As described in detail above, the electron emitting device according to the present invention can reduce the vacuum level Evac by lowering the energy level lower than the conduction band Ec of the P-type semiconductor by reverse-biasing the junction with the P-type semiconductor and the work function lowering material. And an energy difference ΔE larger than that of the related art can be easily obtained. Therefore, using a stable metal material having a relatively large work function φm, even if the vacuum level Evac is higher than the conduction band Ec of the P-type semiconductor in the equilibrium state, NEA can be easily performed. You can get the status.

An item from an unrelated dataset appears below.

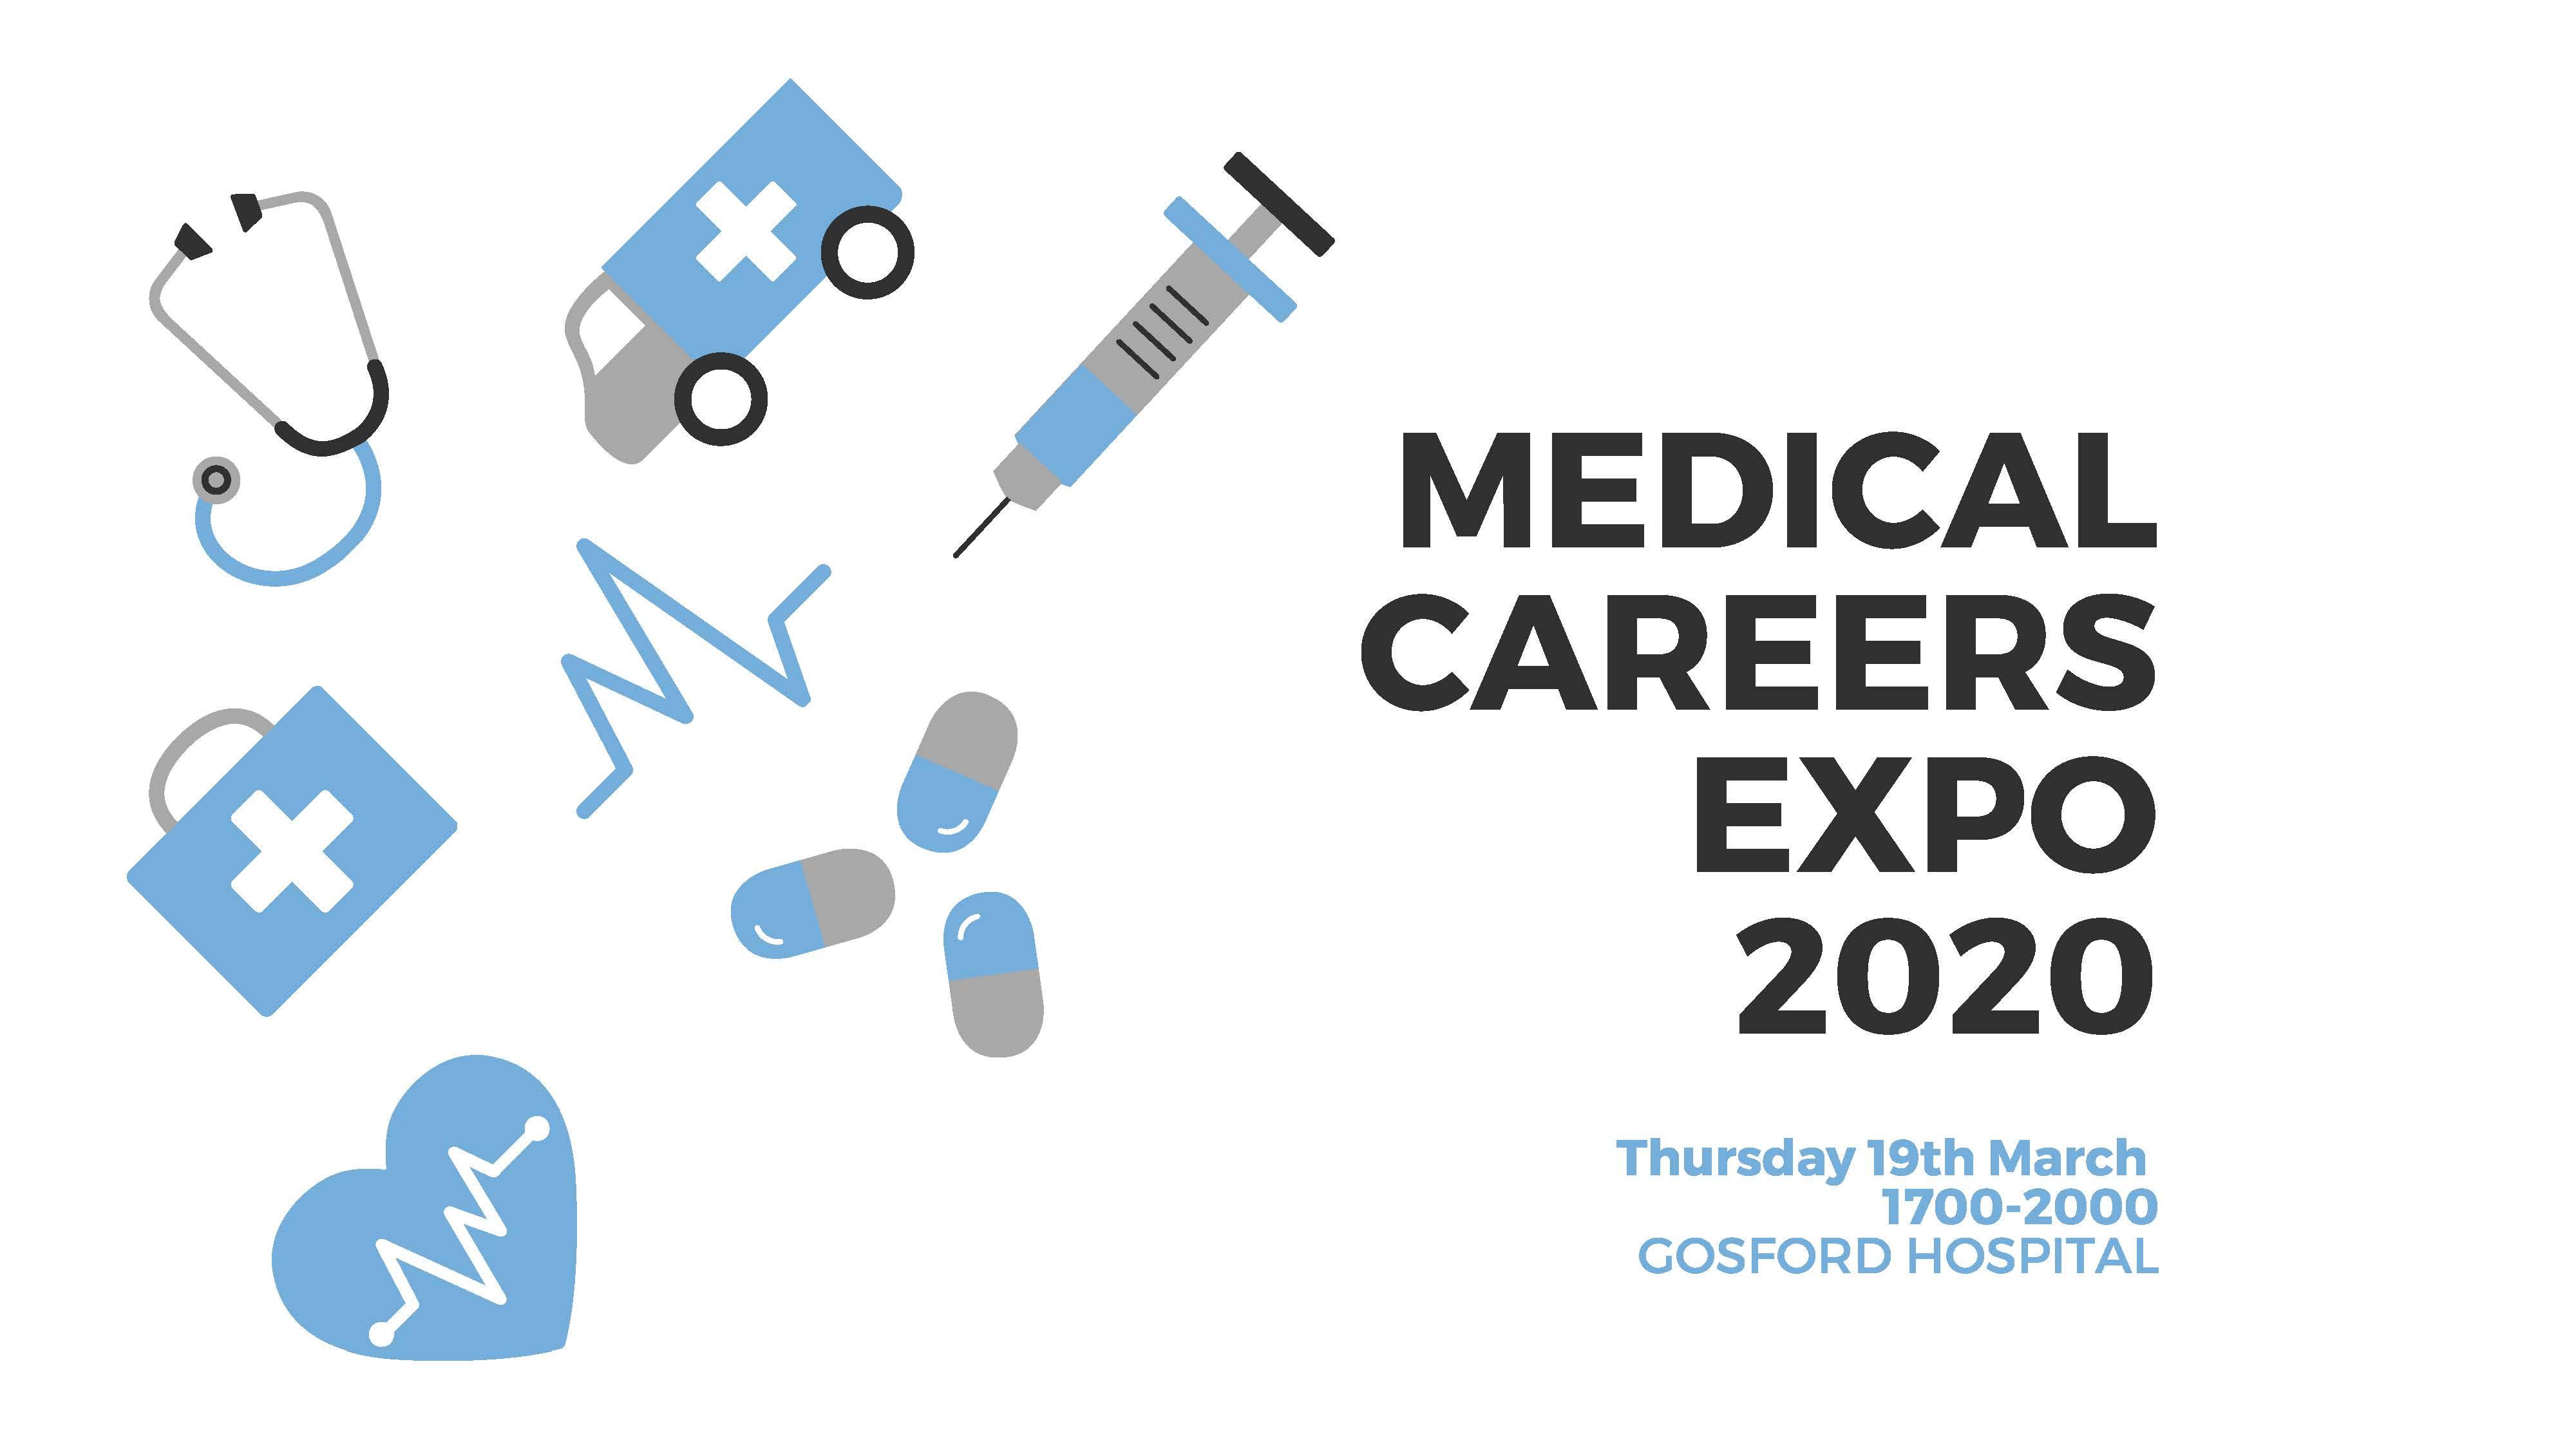 Medical Careers Expo 2020

In addition, since the alkali metal silicide is used as the electron emission portion, not only the electron emission characteristics, but also the entirety of the silicon substrate based on the silicon substrate can be used to prevent impurities from being mixed, as well as the lower P-type silicon layer. Electrically stable by bonding, uniform composition and thickness can be obtained, electrical resistance is also stable, adhesion at the interface is good, and large electron emission efficiency can be achieved.

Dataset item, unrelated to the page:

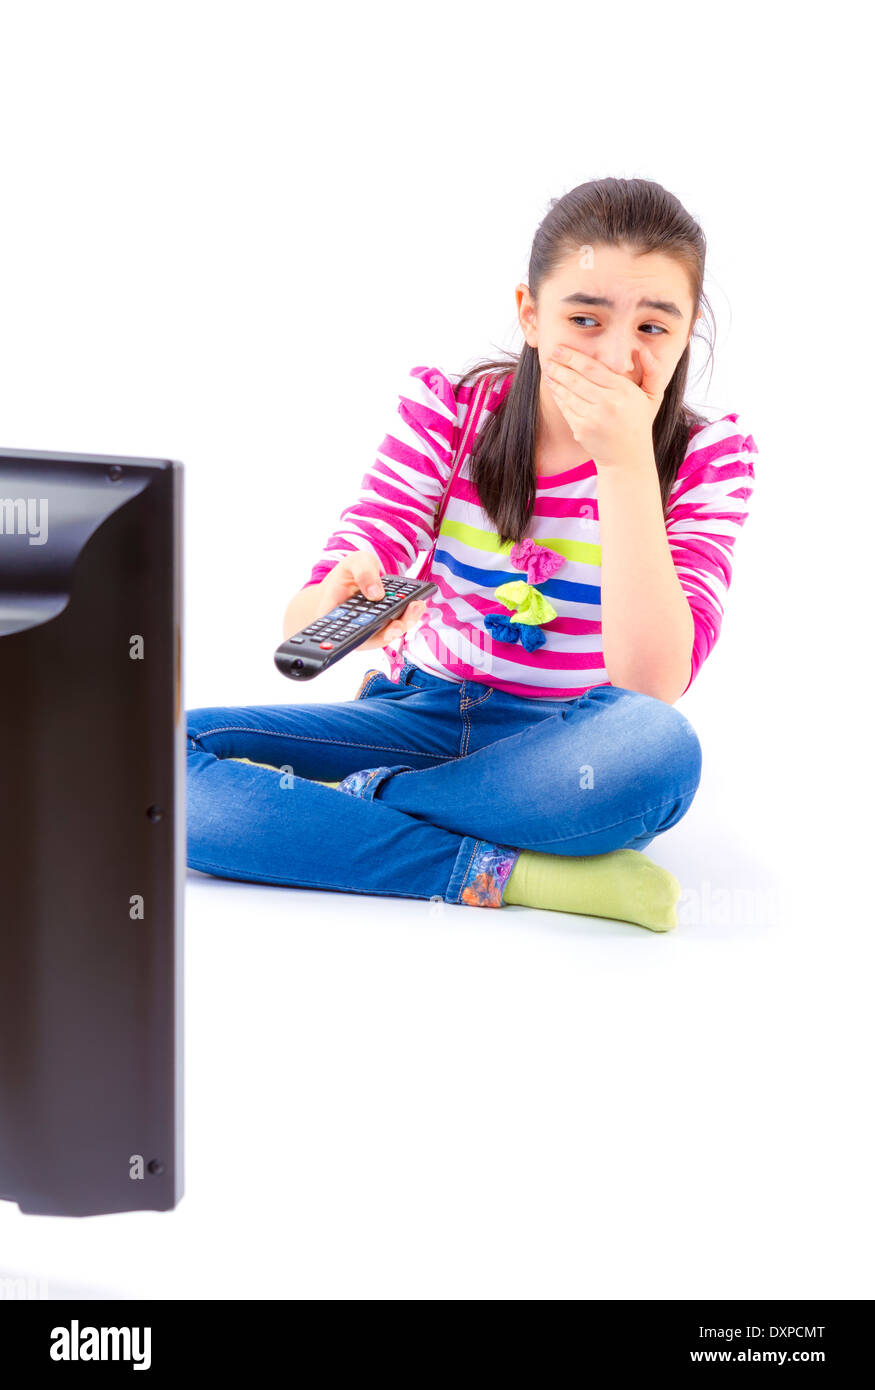 Scared little girl watching tv Stock Photo

[Brief description of the drawings]

FIG. 1 is a schematic sectional view showing the structure of a first embodiment of an electron-emitting device according to the present invention, FIG. 2 is an explanatory view of the operation of the present embodiment, and FIG. FIG. 3 (B) is an energy band diagram at the time of operation of this embodiment, and FIG. 4 is a schematic diagram showing a configuration of an electron emission device according to a second embodiment of the present invention. FIG. 5 is an operation explanatory diagram of the present embodiment, FIG. 6 is an energy band diagram of a metal-semiconductor junction, and FIG. 7 is an energy band diagram of a semiconductor surface in the present invention. 1,11 N-type Si substrate 2,12 P layer 3,13,14 P ⁺ layer 5,16 Electrode 6,19 Metal electrode made of work function lowering material 18 Extraction electrode

Continued on the front page (72) Inventor Masao Suga 3-30-2 Shimomaruko, Ota-ku, Tokyo Canon Inc. (72) Inventor Isamu 3-30-2 Shimomaruko, Ota-ku, Tokyo Canon Inc. (72) Inventor Masahiko Okunuki 3-30-2 Shimomaruko, Ota-ku, Tokyo Inside Canon Inc. (56) Reference Jikken 49-14281 (JP, Y1)

Claims (3)

(57) [Claims] 1. An electron-emitting device having a PN junction formed by using silicon and a metal electrode disposed on a P-type silicon layer forming the PN junction, wherein the metal electrode is made of an alkali metal silicide. And said
An electron-emitting device, wherein a reverse bias is applied to a PN junction to emit electrons from the metal electrode. 2. The electron-emitting device according to claim 1, wherein
An electron-emitting device, wherein an electric field is applied to the metal electrode. 3. The electron-emitting device according to claim 1, wherein
After forming an insulating layer on an N-type silicon substrate, an opening is formed, the P-type silicon layer is formed in the opening by an impurity diffusion method, and P ⁺ for ohmic contact is implanted into the P-type silicon layer by ion implantation. An electron-emitting device comprising a layer.